**Task prompt**
Print them exactly: the lines from the beginning of the entries below through the line that contains "hammerhead twister 150", and only those, with the pictures left out.

**Input data**

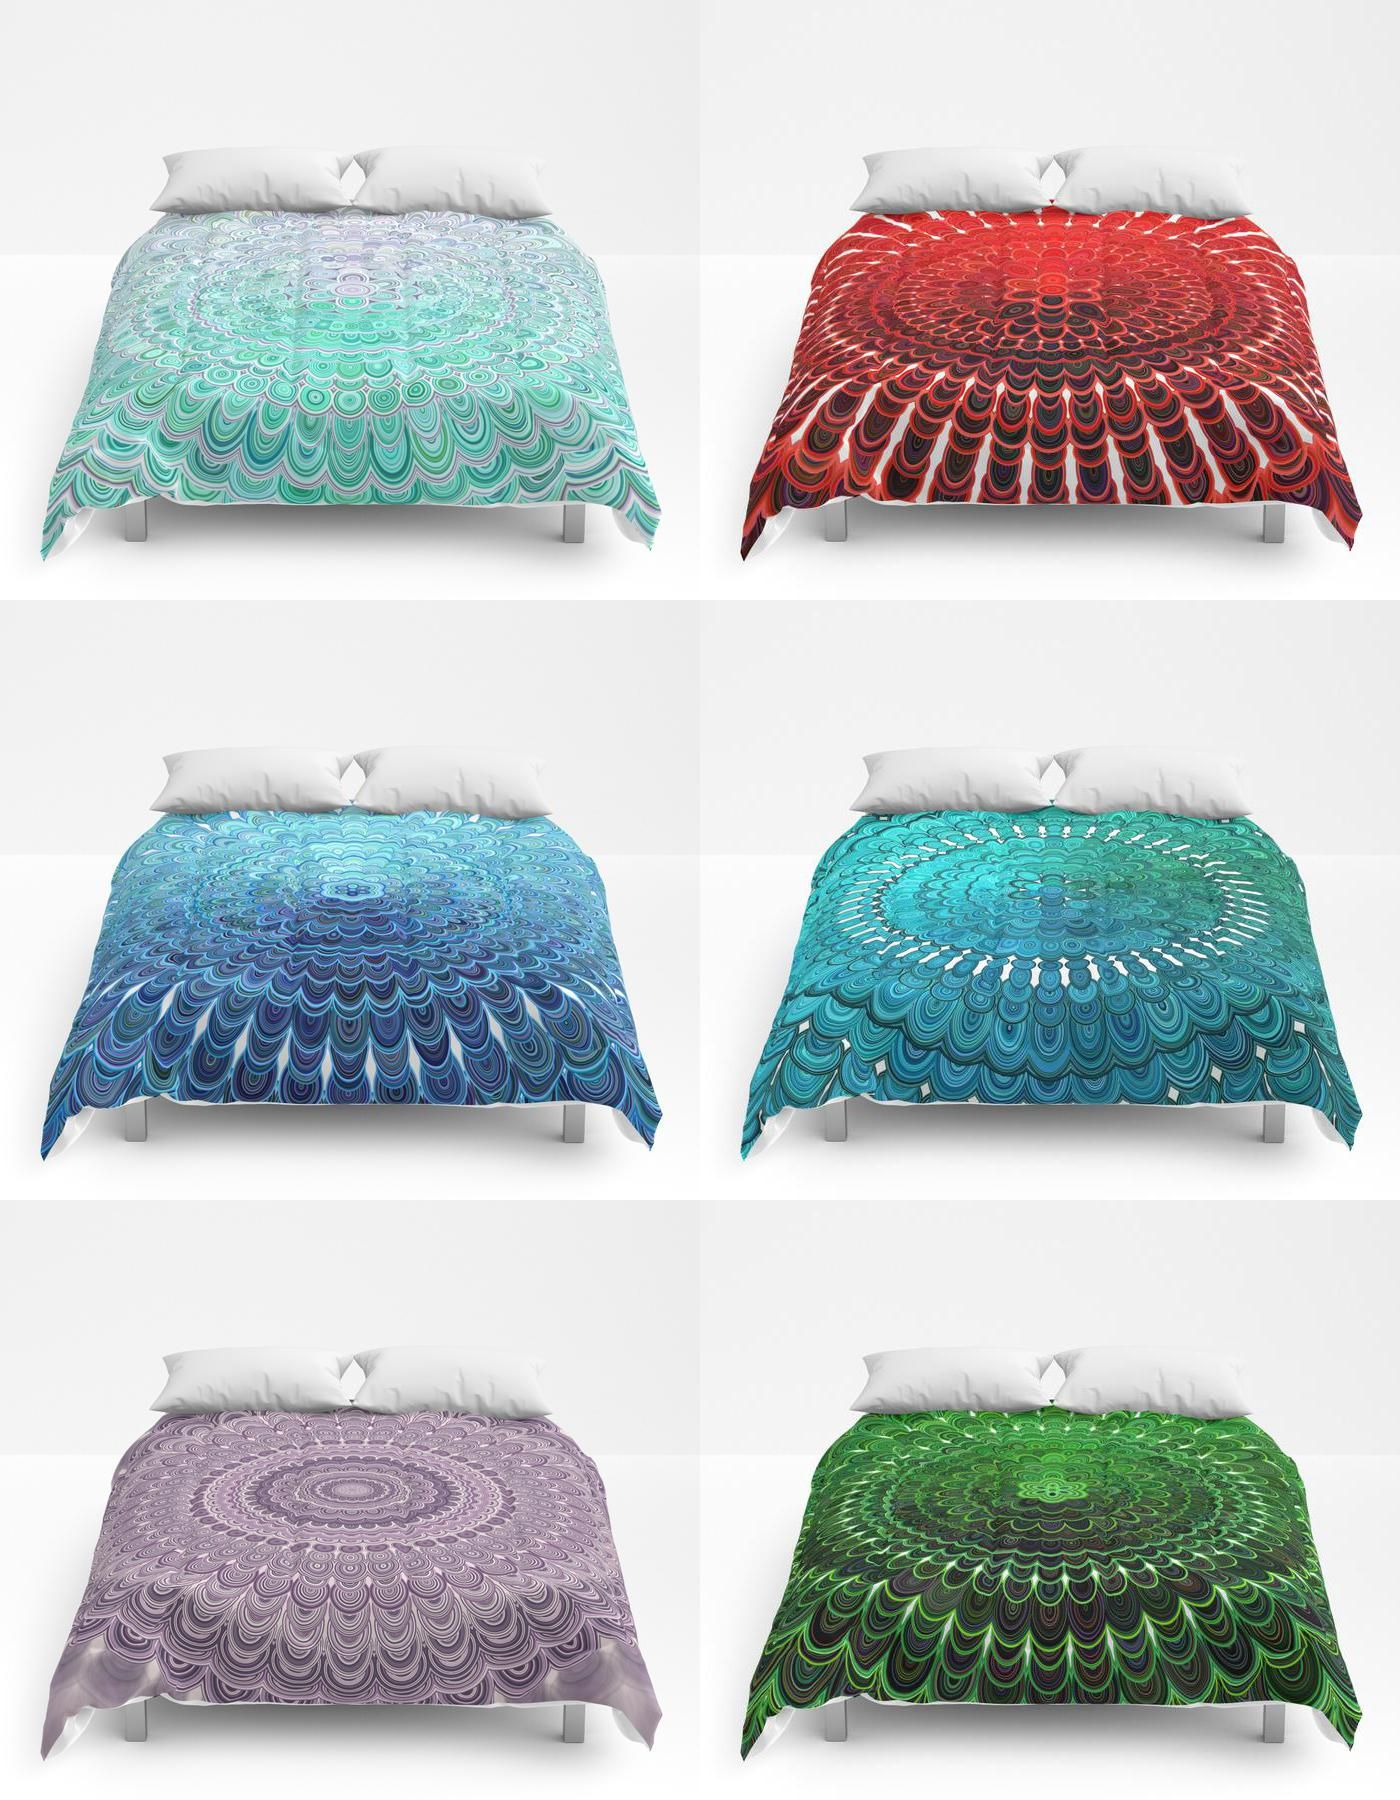 colorful mandala comforters by david zydd graphic art giftidea
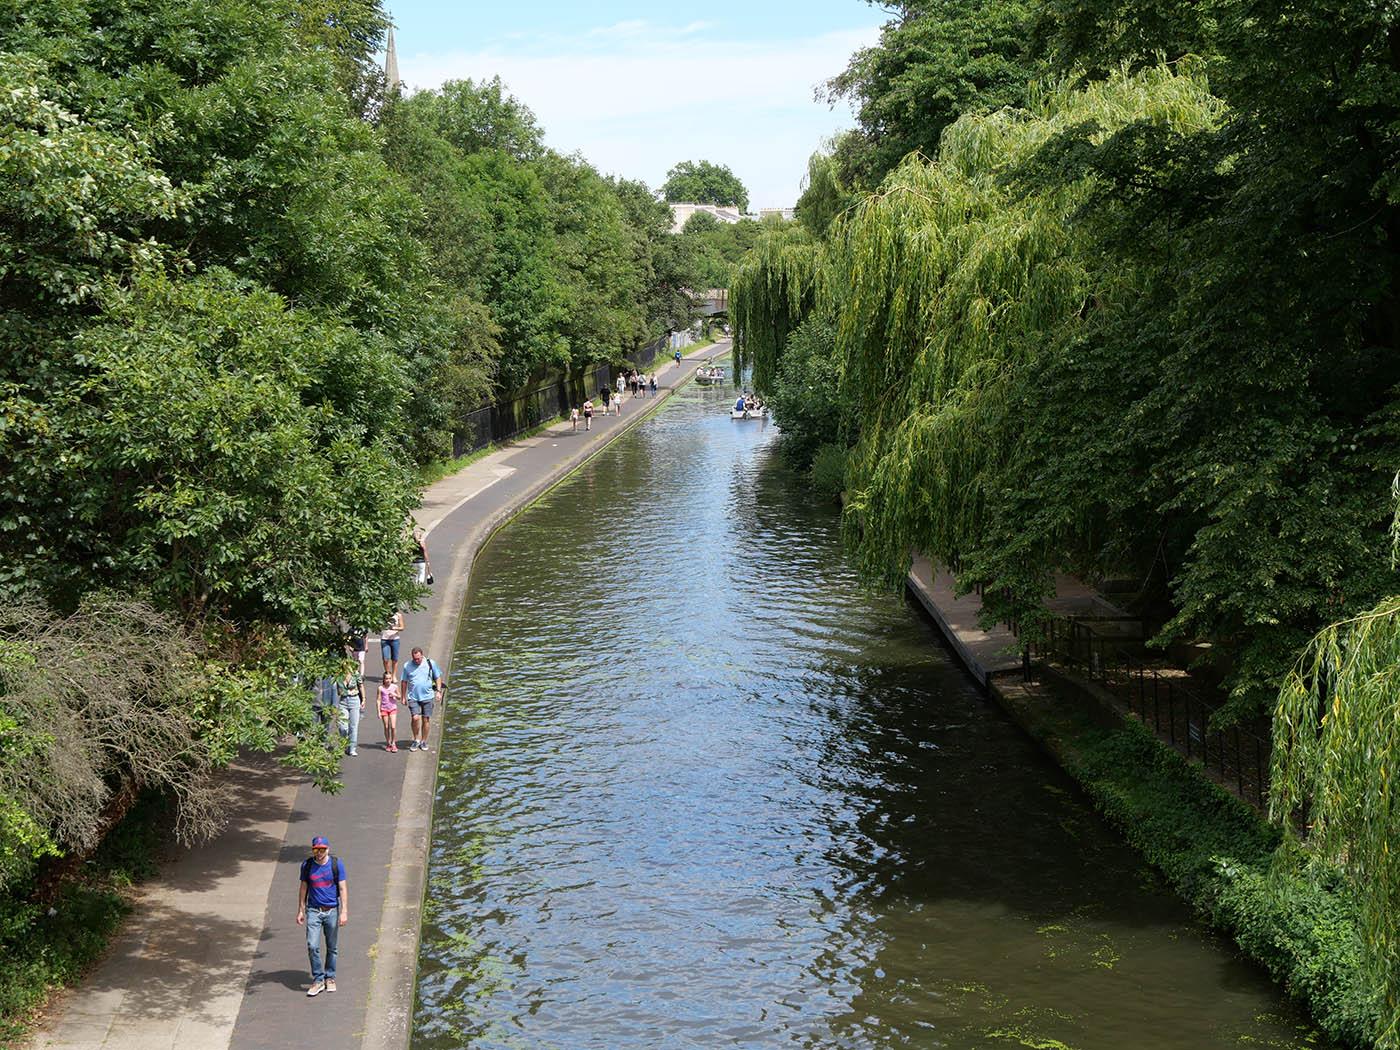 London Zoo environs
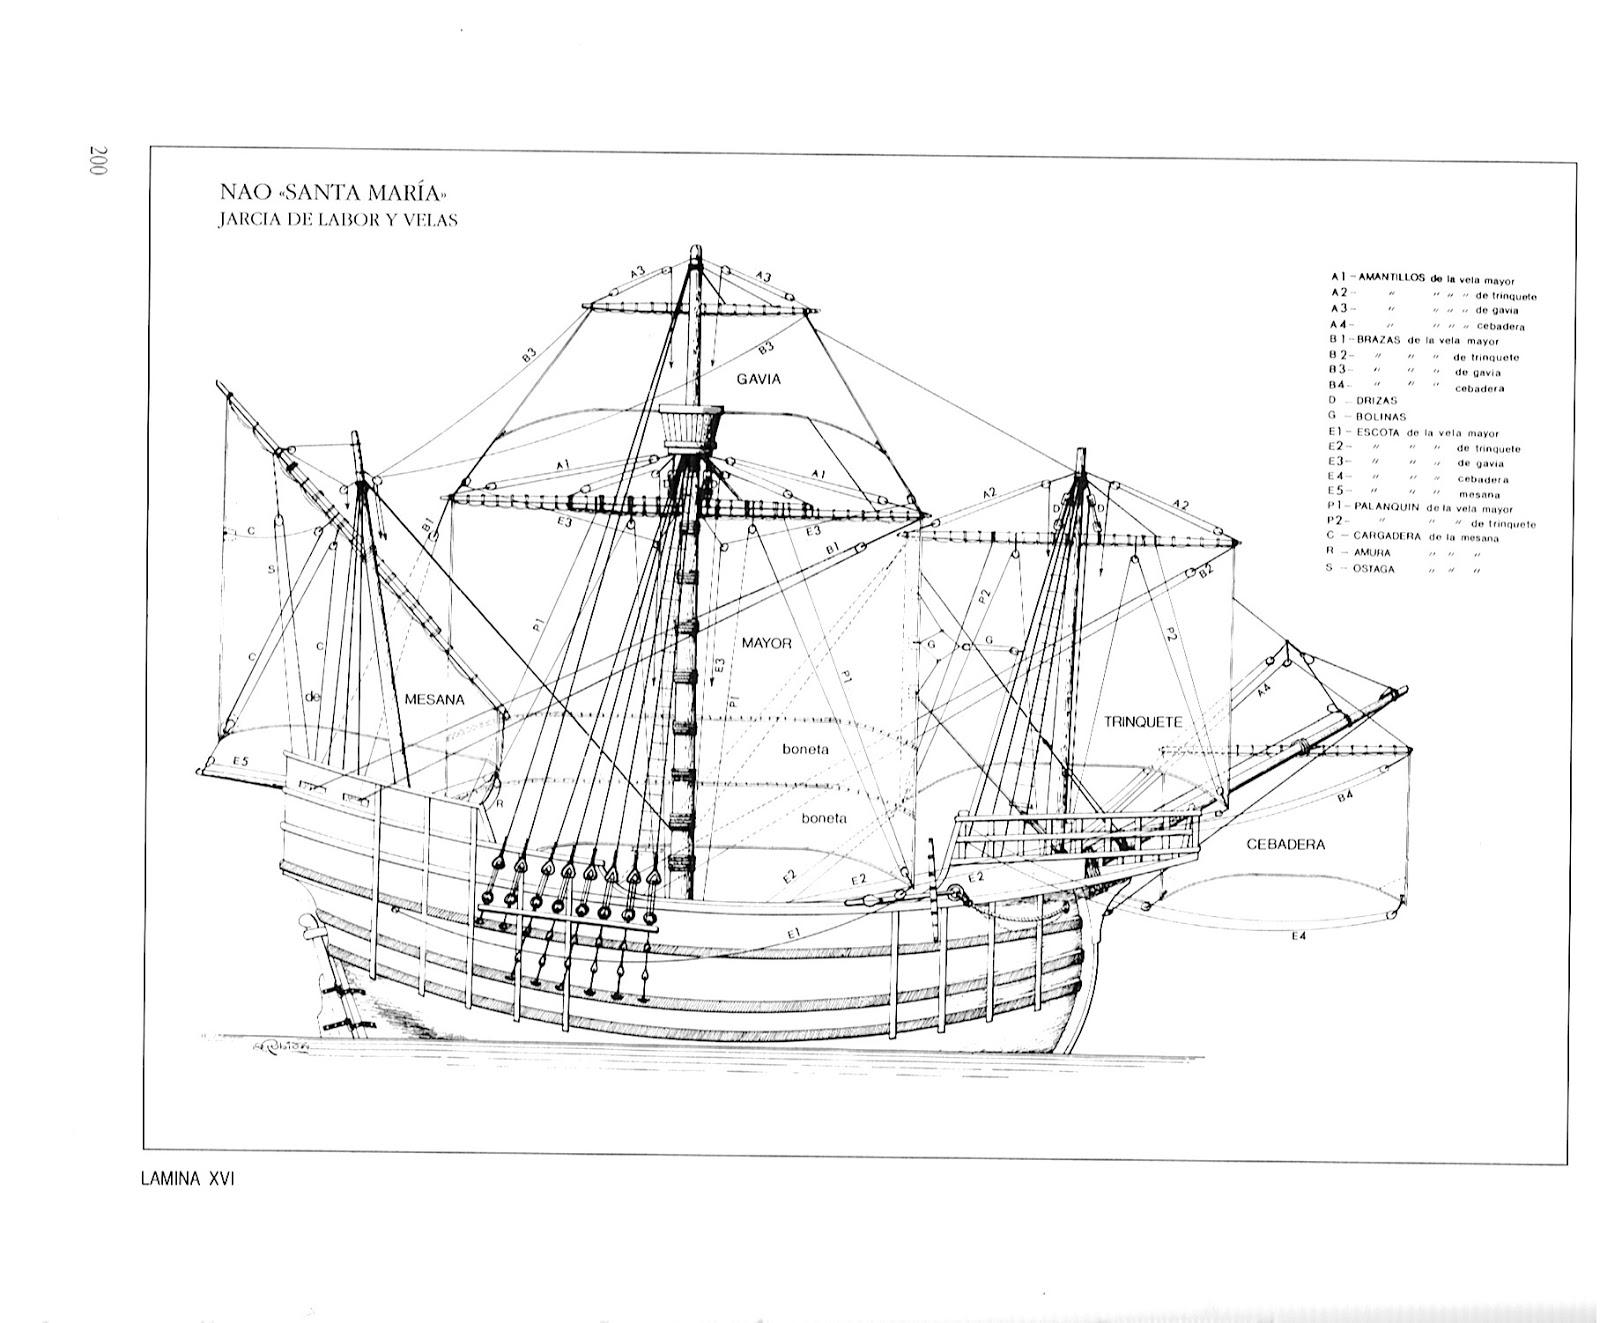 hammerhead twister 150 wiring diagram danfoss diverter valve tomberlin crossfire 150r diagrams
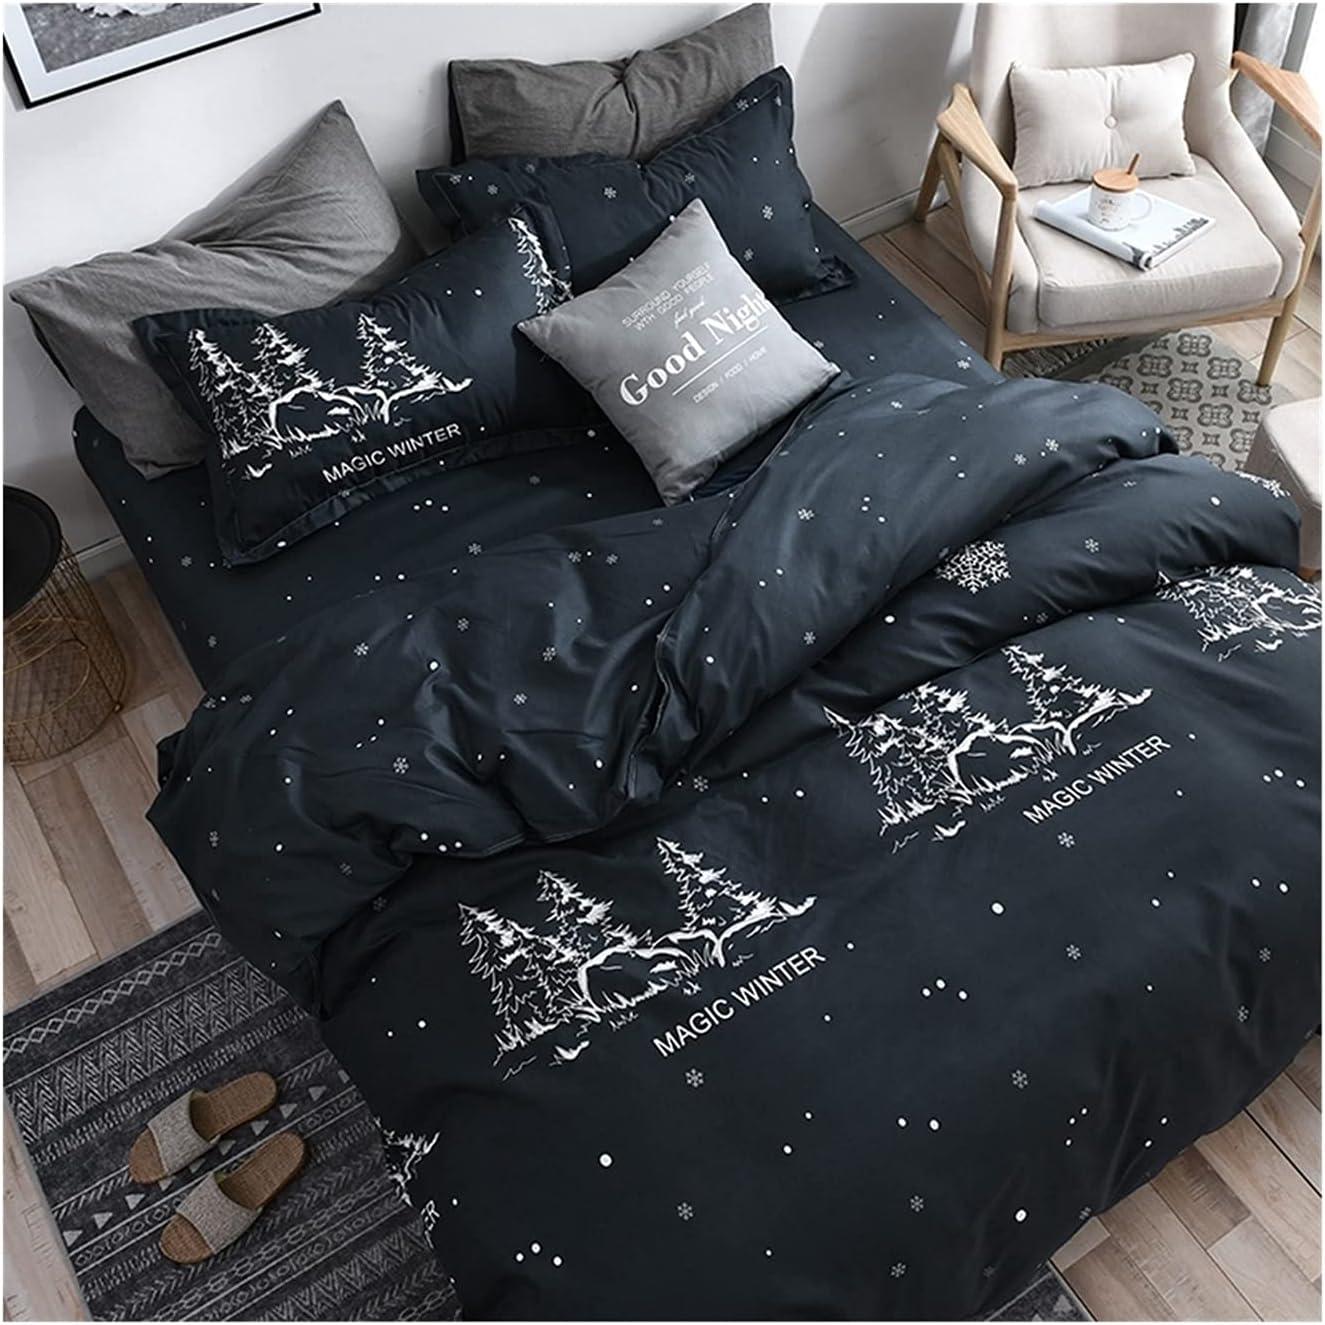 LSDJ QMDSH Home Max 49% OFF Textile Girl Bedding Overseas parallel import regular item Set Cover Peach Pink Duvet
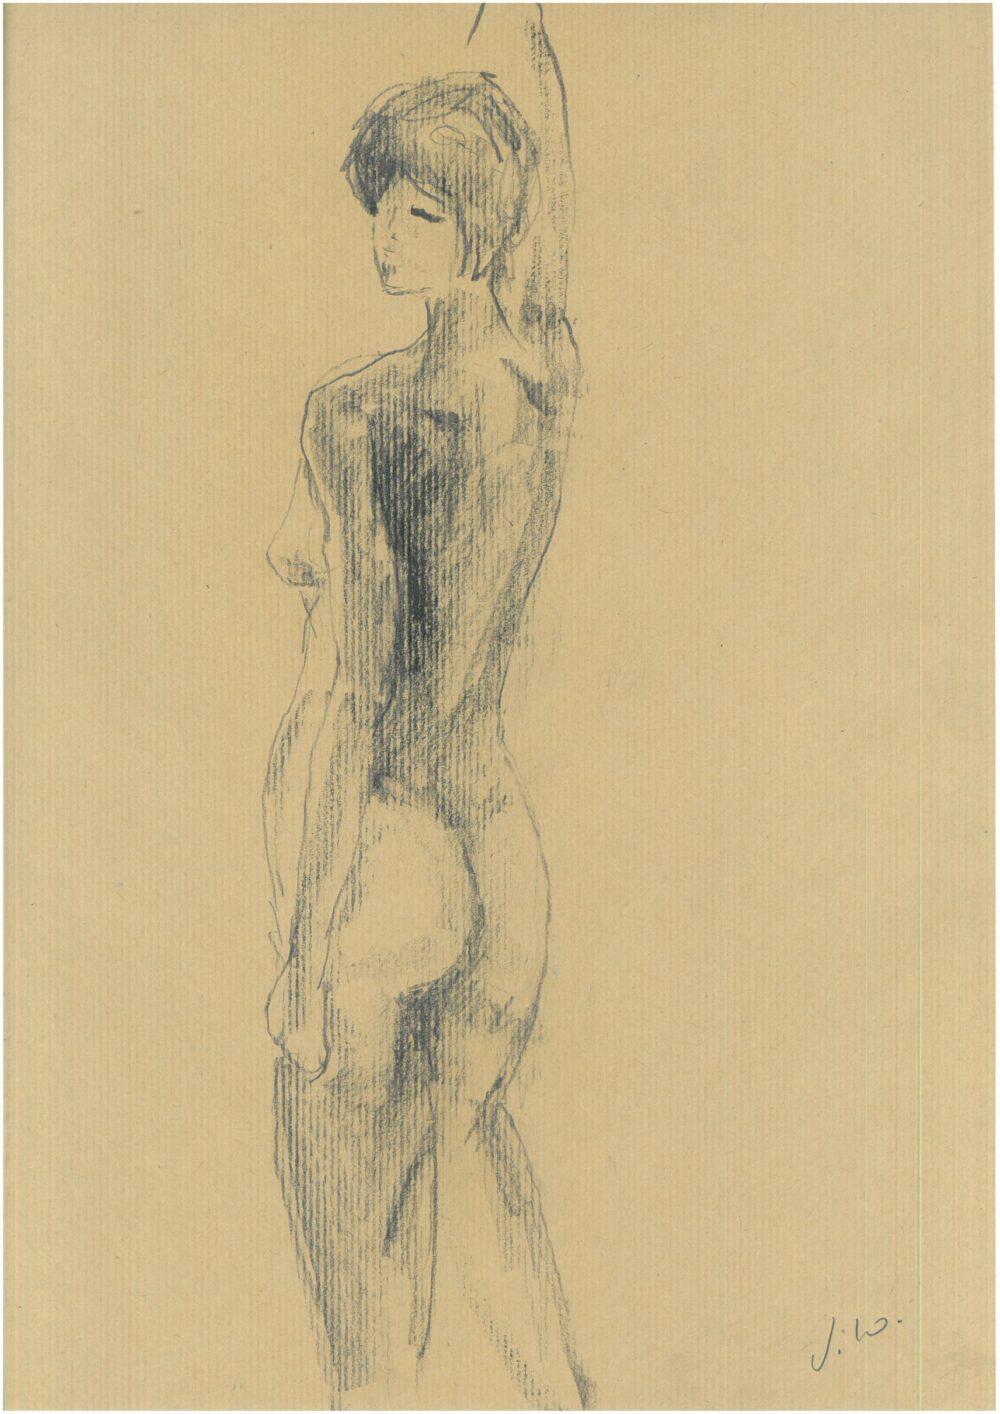 MONIKA 1 Victor Lorenzi bel'arti

**Answer to the exercise**
 colorful mandala comforters by david zydd graphic art giftidea
 London Zoo environs
 hammerhead twister 150 wiring diagram danfoss diverter valve tomberlin crossfire 150r diagrams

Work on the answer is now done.